Las ceremonias íntimas del adiós
Las gratitudes, nueva novela de Delphine De Vigan, y Madres e hijos, de Theodor Kallifatides, se centran en el instante irrepetible de la última despedida, cuando las palabras parecen encontrar sus límites
V. B.
Dufour
Ante la cercanía de la muerte, el acto de la despedida se vuelve un momento trascendental. Hoy, con la pandemia, la necesidad de ese último adiós vuelve a estar en primer plano. La gratitud, el afecto, las cuestiones pendientes, los deseos incumplidos, todo parece confluir en ese instante final. Y aun así, es difícil transitarlo, las palabras se desvanecen ante lo indecible de la vivencia. La literatura acepta el desafío y aborda el tema, una y otra vez, en la búsqueda de dar forma a un lenguaje capaz de hacer posible la experiencia del adiós.

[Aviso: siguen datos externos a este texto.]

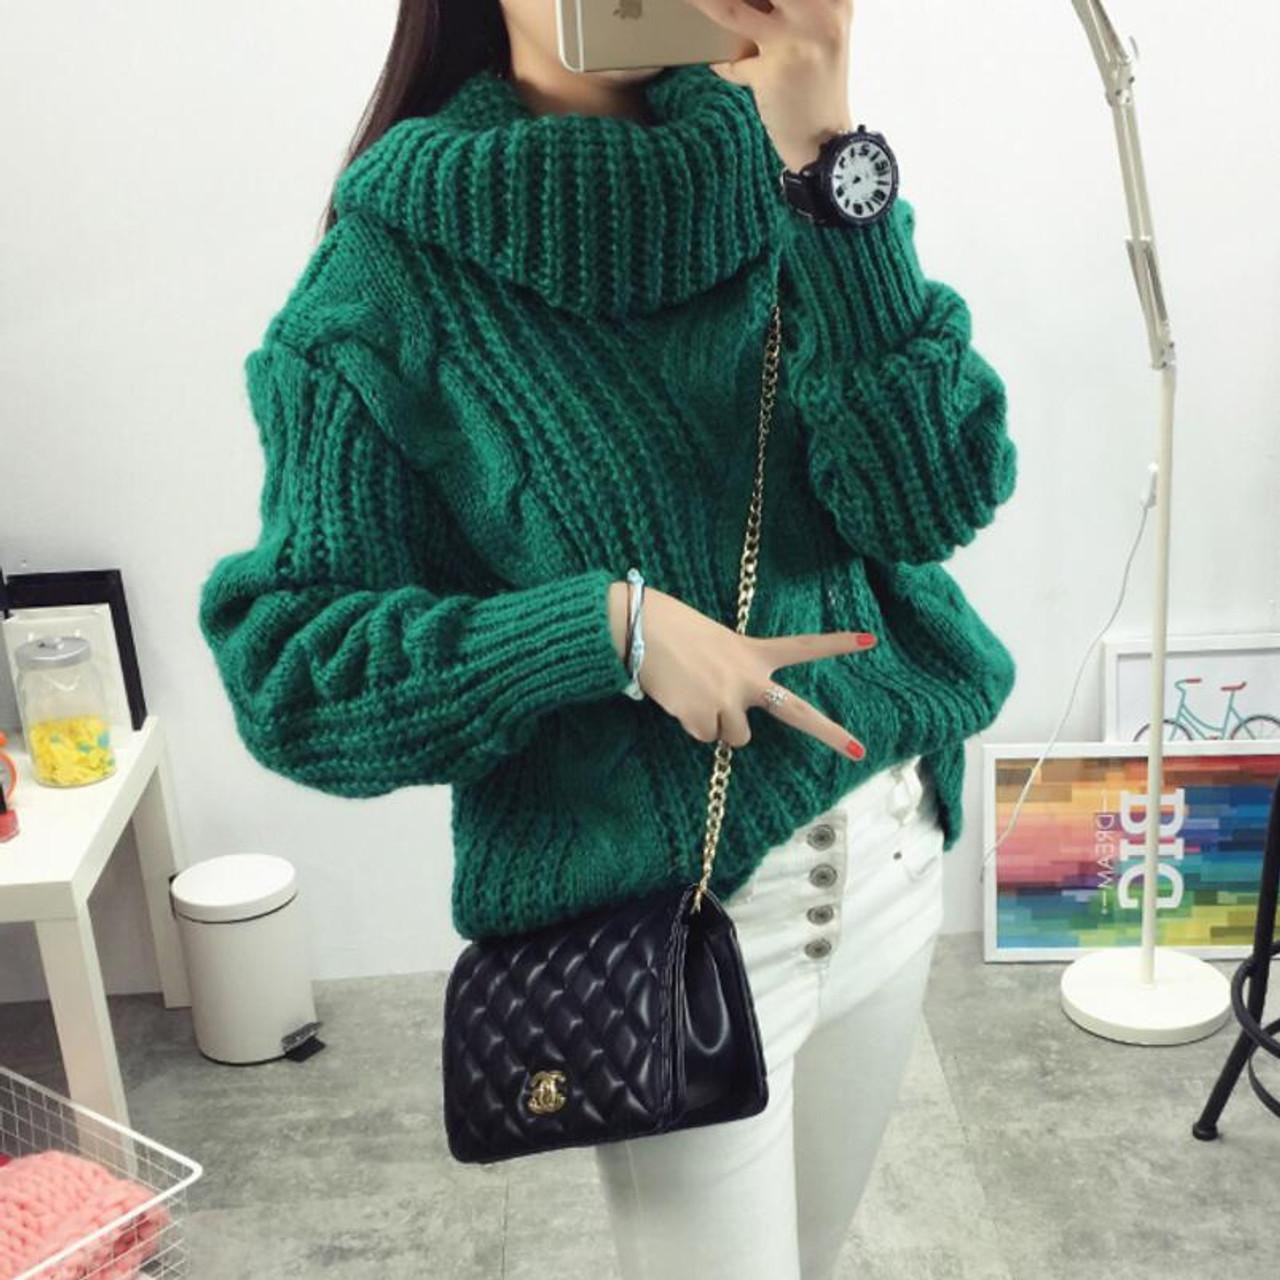 736a6c83ea Vintage Turtleneck Sweater Winter Oversize Twist Hemp Flowers High Neck  Loose Pullovers Women Thicken Knitted Warm Sweater - OnshopDeals.Com

Algunas obras ya son un emblema del tema, como ocurre con Pedro Páramo, la novela de Juan Rulfo que empieza justo ahí, en la muerte de una madre que le expresa a su hijo un último deseo: volver a Comala a buscar a su padre. Y el pedido se convierte en el impulso que mueve la trama. Podría decirse que toda la historia de Rulfo es una gran despedida a una América Latina sepultada en el desierto.
"El núcleo de la historia que cuenta De Vigan no es la muerte, sino lo que puede hacerse por otro antes de la partida"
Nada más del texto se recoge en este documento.